Another important rule change was prompted by Senate Concurrent Resolution 12, which urged the Supreme Court to curtail the use of specific monetary demands in pleadings. The occasional abuse of such pleadings fostered erroneous impressions and led to headlines like- "Attorney Files Billion Dollar Lawsuit." The proposal in your Resolution to prohibit such things was a good one, and we adopted it.
We have also made significant strides by hiring a professional law librarian, Ms. Constance Matts, who comes to us from the law school library at Indianapolis. Although it is called the "Supreme Court Library," it is in fact the principal law library for all of state government, used regularly by Legislative Services, the Attorney General, and dozens of state agencies. We believe Ms. Matts will help us provide better service to everyone.
Another important initiative which you have made possible for the coming year relates to judicial ethics. The Judicial Study Commission formerly rendered staff support for the Commission on Judicial Qualifications, which receives and investigates complaints against judges. By transferring that responsibility to the Division of State Court Administration, you provided for the first full-time professional staff to monitor compliance with the canons of judicial ethics.
The Qualifications Commission intends to take advantage of this opportunity by reorganizing its operations to give citizens and judges faster and more predictable resolution of complaints. It also wishes to create a more formal method by which judges can receive advice on particular ethical questions and improve the education which judges in courts of record and in the city and town courts receive on ethics. Finally, because we believe that a more visible compliance system will be a more credible one, we plan to report more regularly about the Commission's activities.
The Court, the Judicial Conference, and the Judges Association regard this as an important opportunity to improve in an area critical to public confidence in the judiciary. We thank you for providing the resources to make it possible.

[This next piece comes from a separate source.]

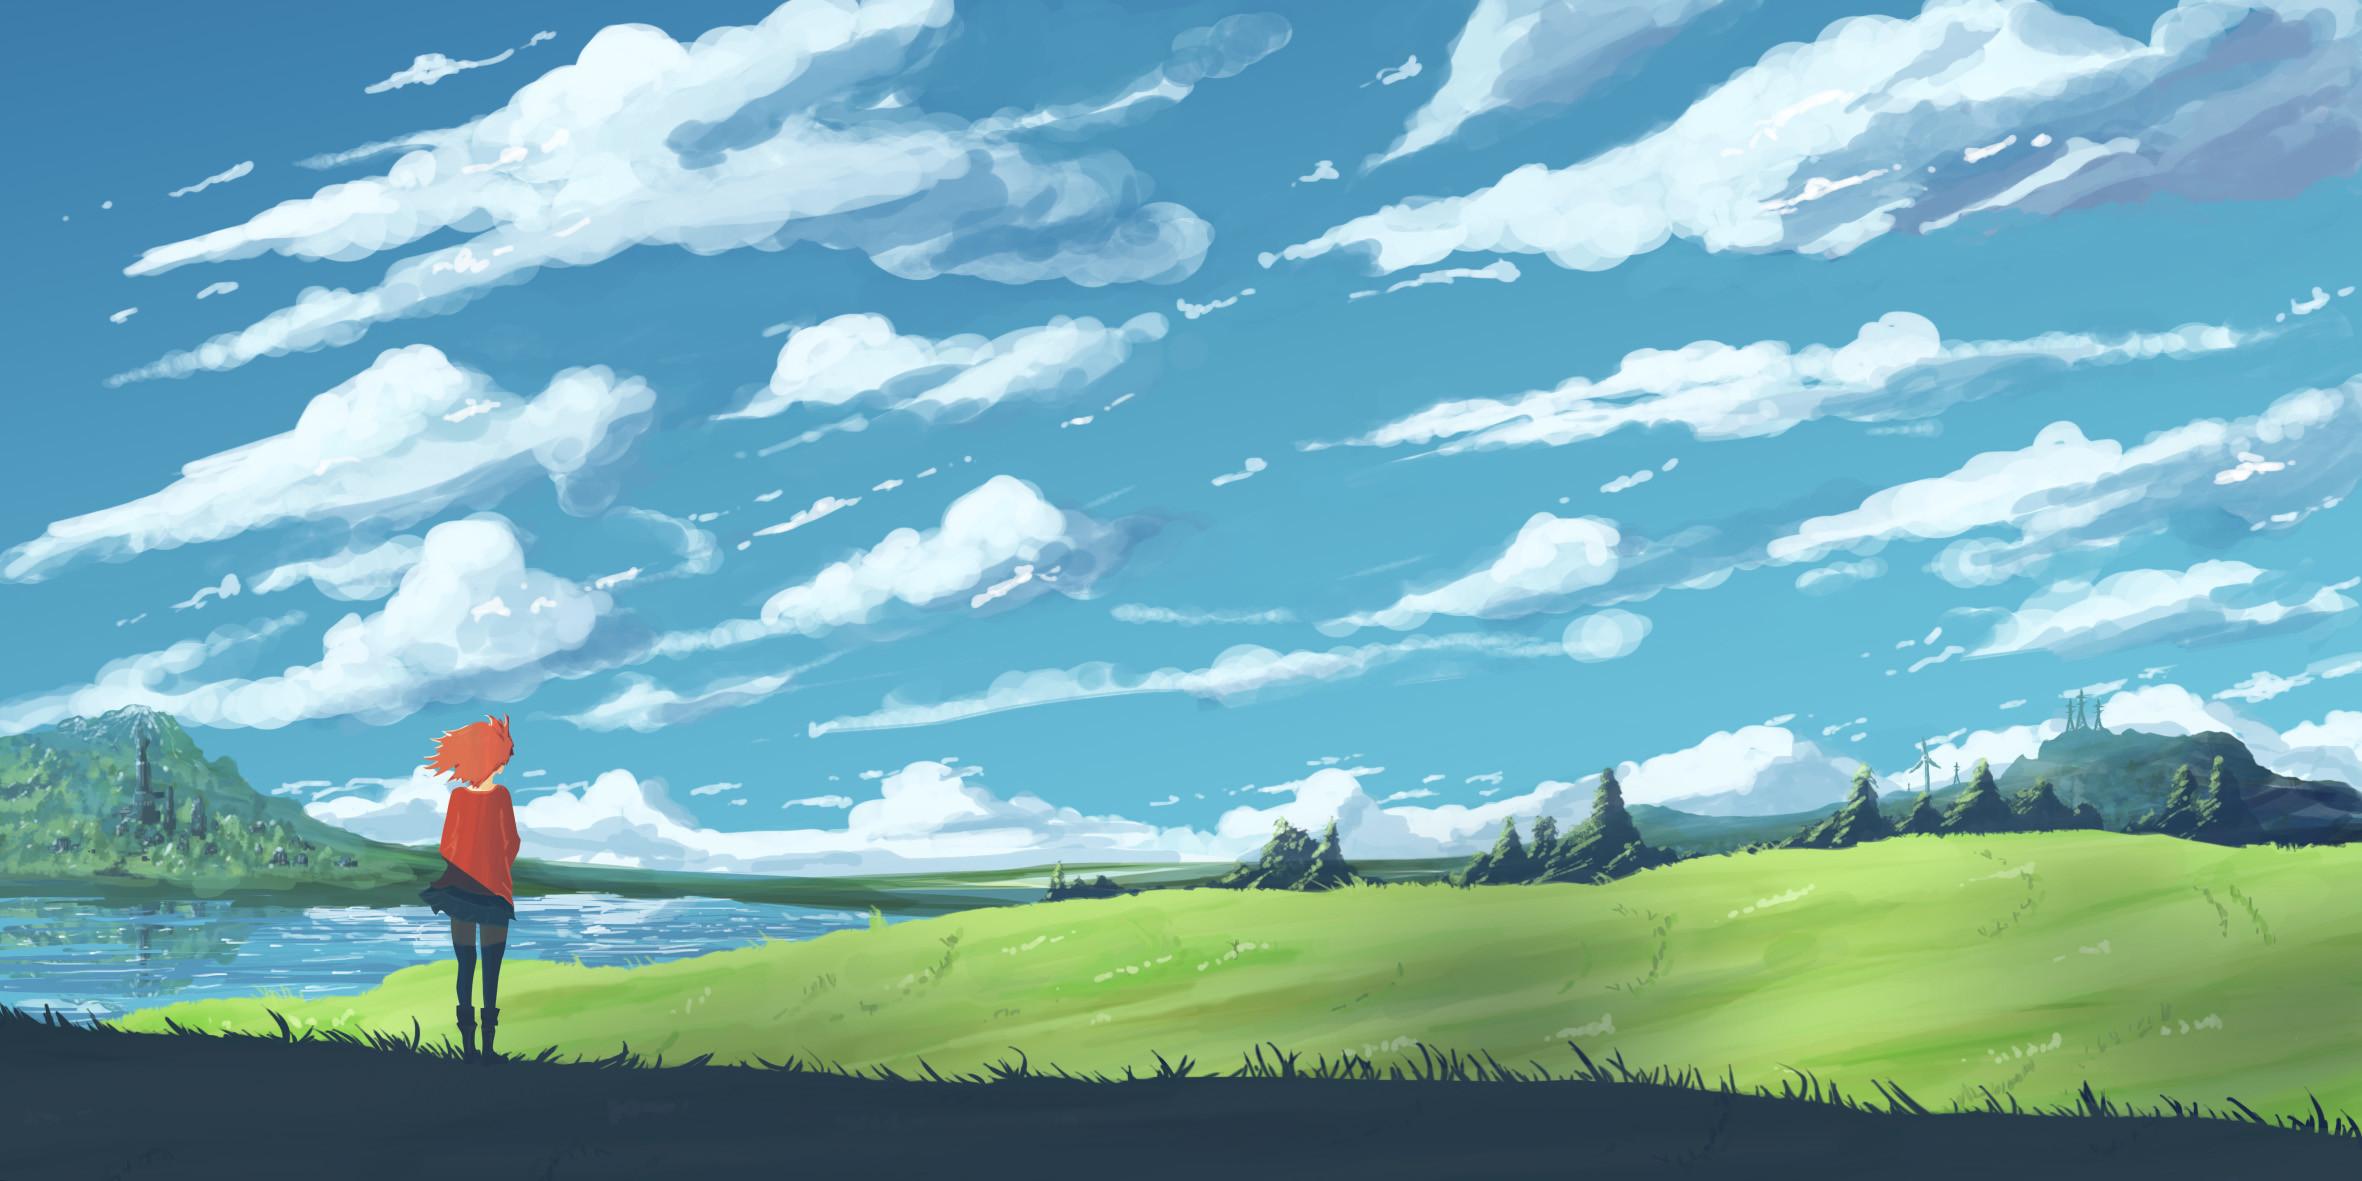 Res: 2362x1181, anime scenery girl and landscape download desktop wallpapers hd images mac  desktop wallpapers free hd tablet smart phone 2362×1181 Wallpaper HD

I believe that 1988 will give us excellent opportunities to:
These are exciting challenges which make us proud to serve the people of Indiana as judges. Most citizens come to court at a time when their dearest interests are at stake--family, home, job, liberty.
The judge’s challenge is to fulfill the citizen’s hope that he will find on the bench someone who will listen carefully to the evidence, find the truth of the matter, and give a wise decision in accordance with the laws which you have written.
Indiana's judges begin the new year with pride in what took place during 1987, and confident and determined that 1988 can be even better.
And, that, ladies and gentlemen, is the state of the judiciary.